Free Access
Volume 544, August 2012
Article Number L8
Number of page(s) 4
Section Letters
Published online 03 August 2012

© ESO, 2012

1. Introduction

The low abundance of refractory carbonaceous material in samples collected by Stardust at its closest approach to the comet 81P/Wild 2 nucleus (about 240 km) was completely unexpected (e.g., Ishii et al. 2008). Carbon is an essential component of organic material, which is thought to be formed in the interstellar medium by processing a solid mixture of carbon, oxygen, nitrogen, and hydrogen with UV radiation and ion bombardment (Jenniskens et al. 1993; Starukhina & Shkuratov 1995). Comets presently observed in the solar system are believed to be remnants of planetesimals that contained organic materials and/or amorphous carbon and are expected to preserve pristine material of the interstellar medium. This theory has long been accepted, and indeed, in situ measurements of comet 1P/Halley carried out by the VeGa-1 and 2 spacecraft in 1986 confirmed that all analyzed cometary dust particles contain carbonaceous material, and that in 25% of the particles, carbon is the dominant component (Kissel et al. 1986; Fomenkova et al. 1992). Similarly, a high proportion of organic matter was found in all 29 particles analyzed with the Cometary and Interstellar Dust Analyzer (CIDA) mass spectrometer during the comet Wild 2 flyby (Kissel et al. 2004), but most of those particles were analyzed at distances greater than 650 km to the nucleus. Interplanetary dust particles (IDPs) in the Earth’s stratosphere (Brownlee et al. 1993; Busemann et al. 2009) also are actively collected. Cometary particles are identified either by their high velocity when entering the Earth’s atmosphere (Brownlee et al. 1993) or through dedicated sampling by collecting particles after a close encounter with a comet (Busemann et al. 2009). Dust particles with a cometary origin can also be retrieved from Antarctic snow (Nittler 2010). Cometary dust collected in these ways has a significant carbonaceous component.

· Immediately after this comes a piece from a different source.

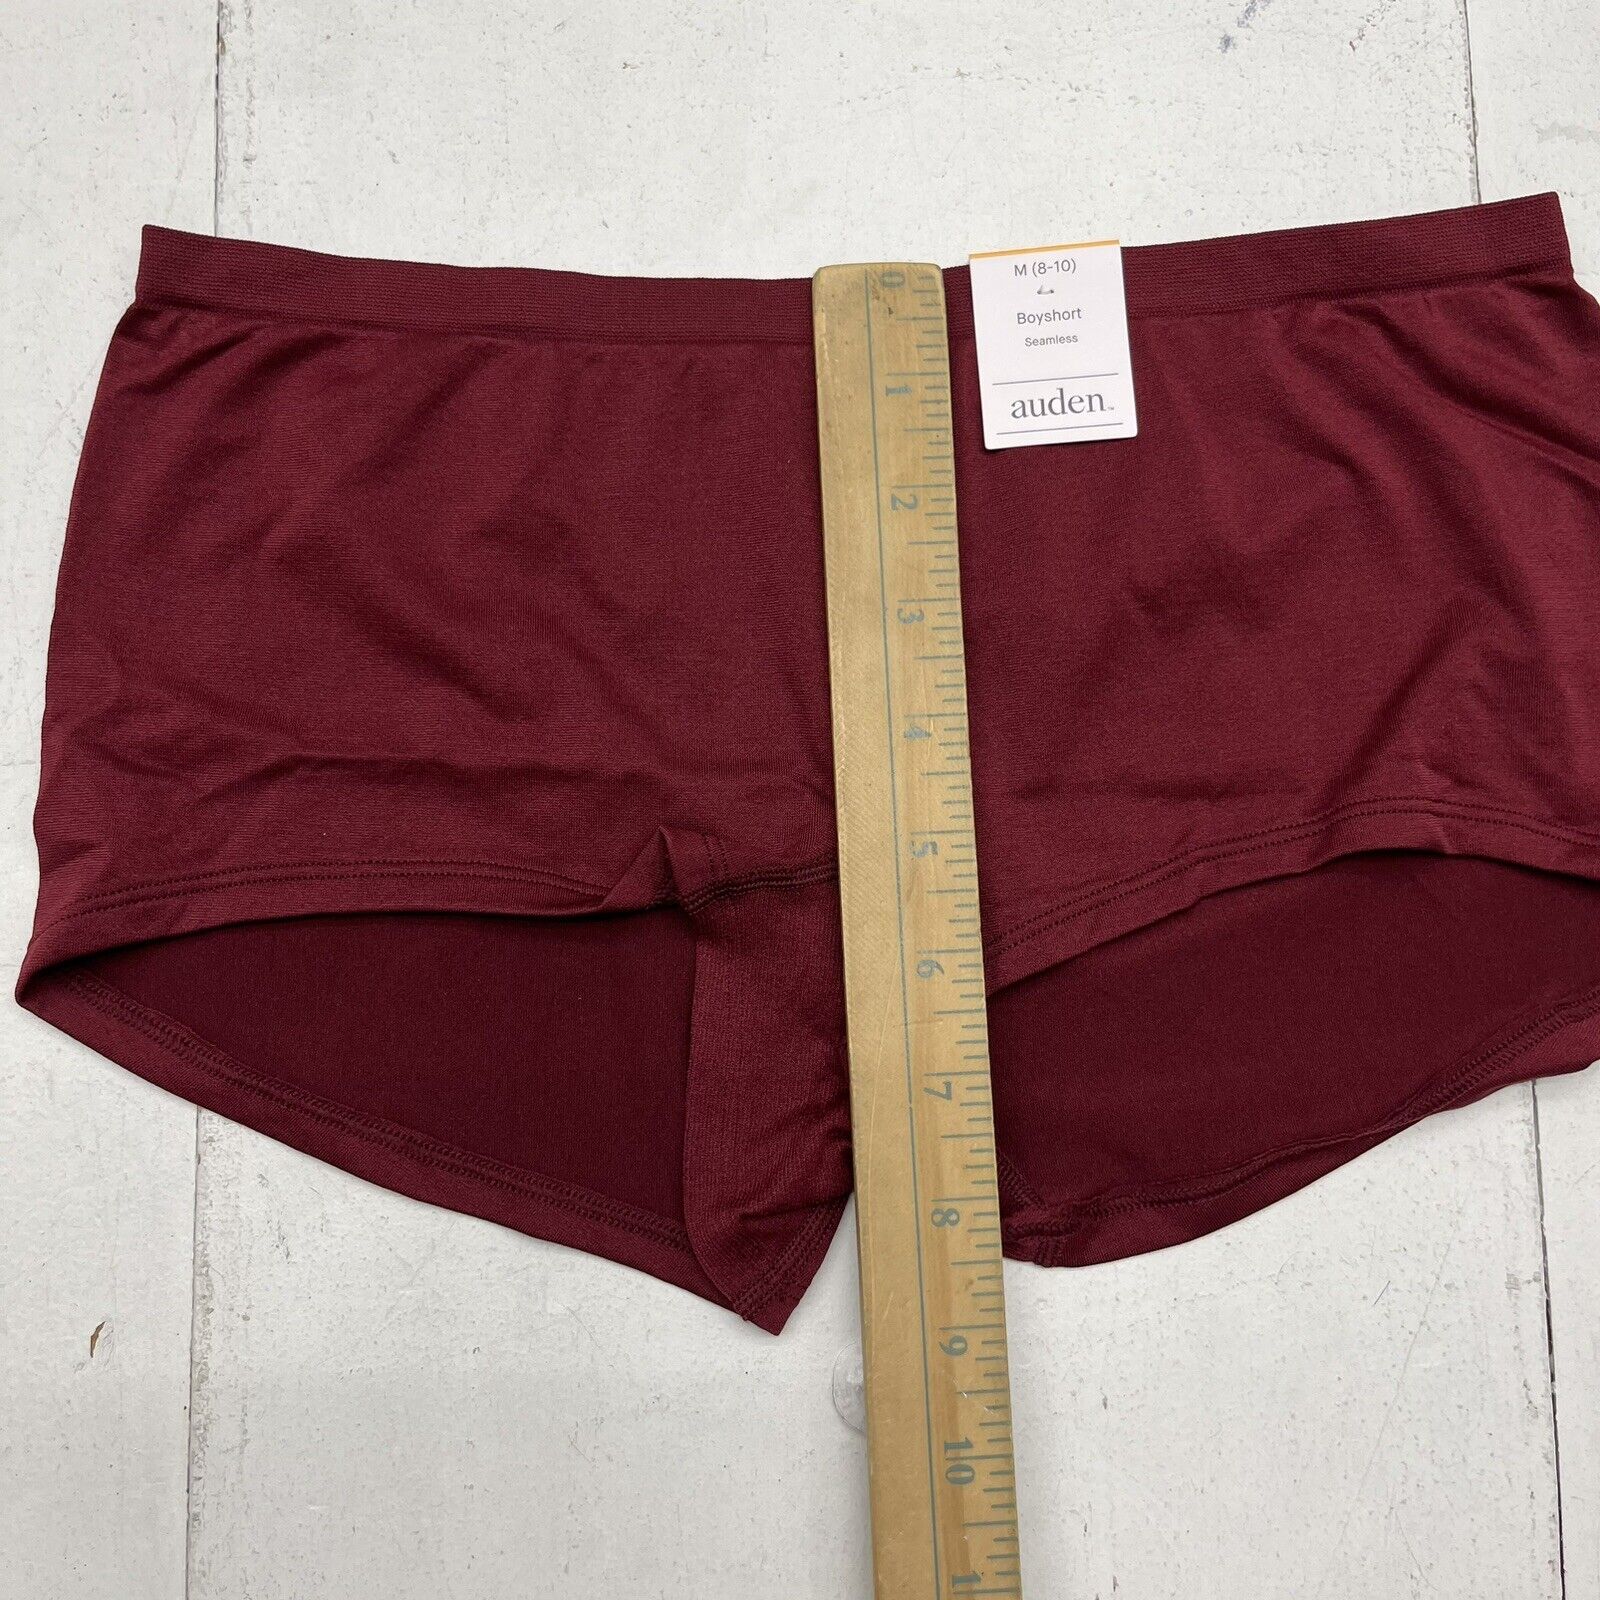 Auden Burgundy Seamless Boyshort Underwear Women's Size Medium NEW

The lack of carbonaceous materials in the Stardust samples is unlikely to be caused by interaction of the dust particles with aerogel (e.g., Ishii et al. 2008). Analyzing the aerogel samples, Brownlee et al. (2006) observed that components larger than micron-size were often well preserved, whereas smaller or finer-grained components were strongly modified. We would expect a significant population of super-micron carbonaceous particles that would not have been affected by the aerogel. For instance, Fomenkova et al. (1992) observed that about 25% of the comet Halley dust particles consist almost entirely of carbonaceous material and some 50% contain from 10−90% organic material by mass. A high concentration of carbonaceous materials implies that they not only form the outermost layer of the dust particles but are present throughout the dust particle volume. Therefore, if comet Halley is at all representative, this speaks to a very significant percentage of super-micron-sized particles that would not have been affected by the aerogel. Due to the high impact speed (~19 km s-1) and relatively long interaction with stratosphere, 5-μm cometary IDPs experience heating to 1100−1200 K (e.g., Brownlee et al. 1993). This significantly exceeds the overall heating of the Stardust samples, which is just several hundreds degree (Brownlee et al. 2000). As a consequence, carbonaceous materials in the Stardust samples should be better preserved compared to the cometary IDPs. Nevertheless, in the former case, their abundance is substantially lower (e.g., Ishii et al. 2008).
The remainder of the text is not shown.